The control variable job title was not significant. However, an increase in experience on the job is linked to higher preferences for training in accounting and finances (odds ratio 1.132) and logistics information systems (0.924). Which disaster phase a logistician worked in also had an effect. Emergency response was linked to human resource management (0.151), while those working in emergency response as well as reconstruction and rehabilitation fields showed a preference for training in project management (0.157), which was also the case for those working in all phases of disaster relief (preference for training in project management with 0.206). The type of organization is not significant in explaining the training that was wanted. Overall, since job title and type of organization are not significant, it seems that the link between the skills wanted and the logistician's profile are centred on his/her experience in the organizations and the characteristics of the activities he/she is currently involved in (i.e. number of beneficiaries, number of employees and geographical coverage of the programme). All these characteristics could be seen as indicators of the seniority of the logistician which would affect the skills they want depending on their level of responsibilities.

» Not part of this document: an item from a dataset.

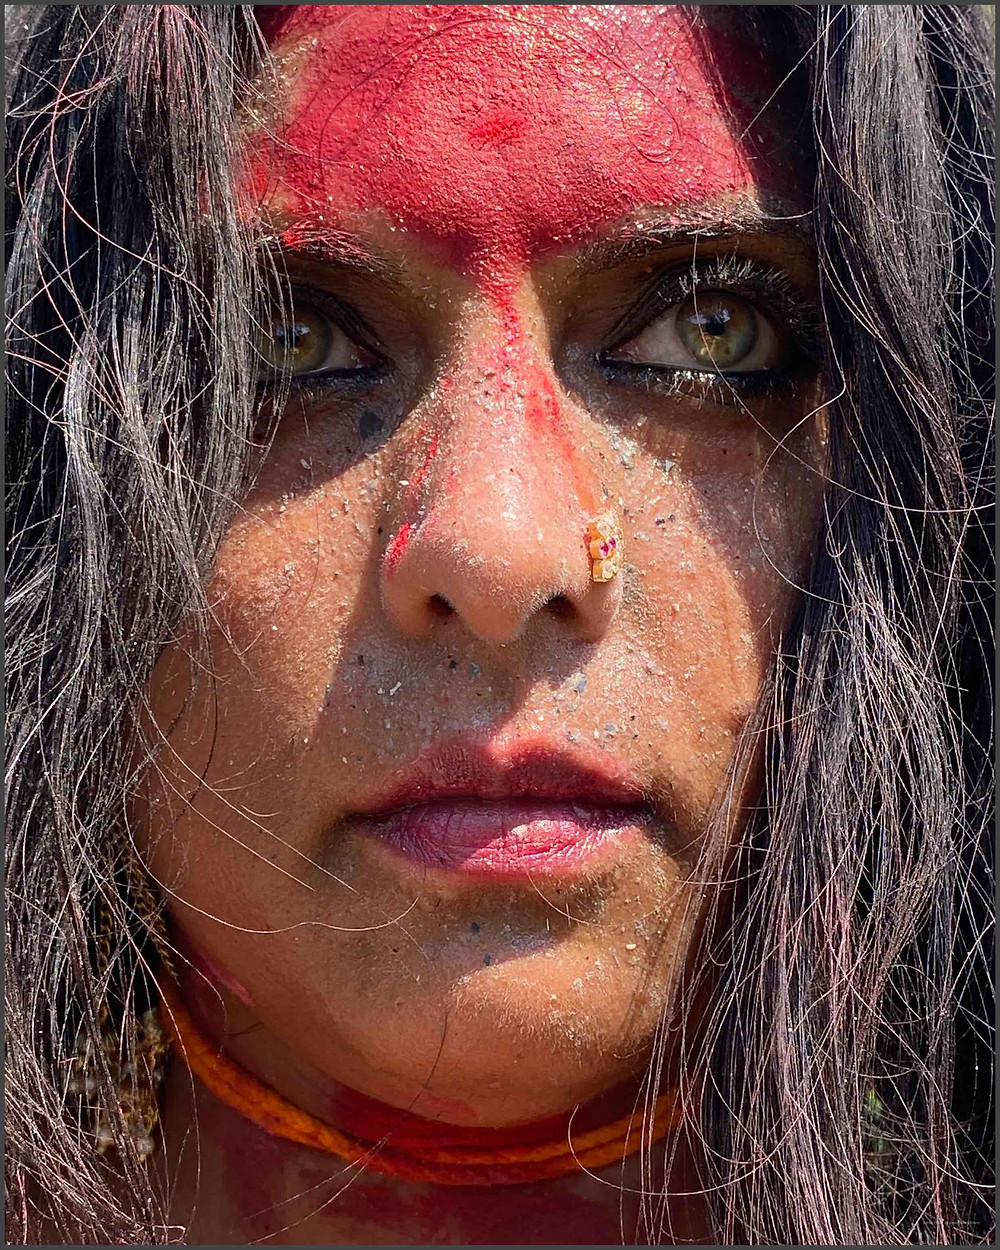 Meditate on Valli, her body, her murti, her form. Meditate on Vallli, she transcends her body, her murti, her form. Your Guruji nearby. Gurudeva Beyond. Valli of Vallimanalan forms iccha sakti. Valli of Vallimanalan transcends iccha sakti.      Aum Sundaram Aumkaar Sundaram  |  Photographer: Alexa Rush on Instagram @alexadrawaflower

Previous research has looked into the need for professionalization in humanitarian logistics, and logistician's own perceptions of which skills are needed for their job. In contrast, we are evaluating how humanitarian logisticians spend their time on the job, in other words, weighing the importance of skills not in terms of perceived priority, but in time spent. Time spent on the job is a good measure for training and education requirements in order to prepare a person for the actual requirements of the job.

From a sheer ranking perspective, respondents spent most time on “supply management”, followed by “general management” and “transport and fleet management”. Supply management here included both aspects of purchasing and inventory management, which are the two equal top ranked activities in the Kovács et al. (2012) study, with number three in their study being “training of others” followed by fleet management and transportation management. In conclusion, the contents of job advertisements conform to the activity split of our respondents surprisingly well.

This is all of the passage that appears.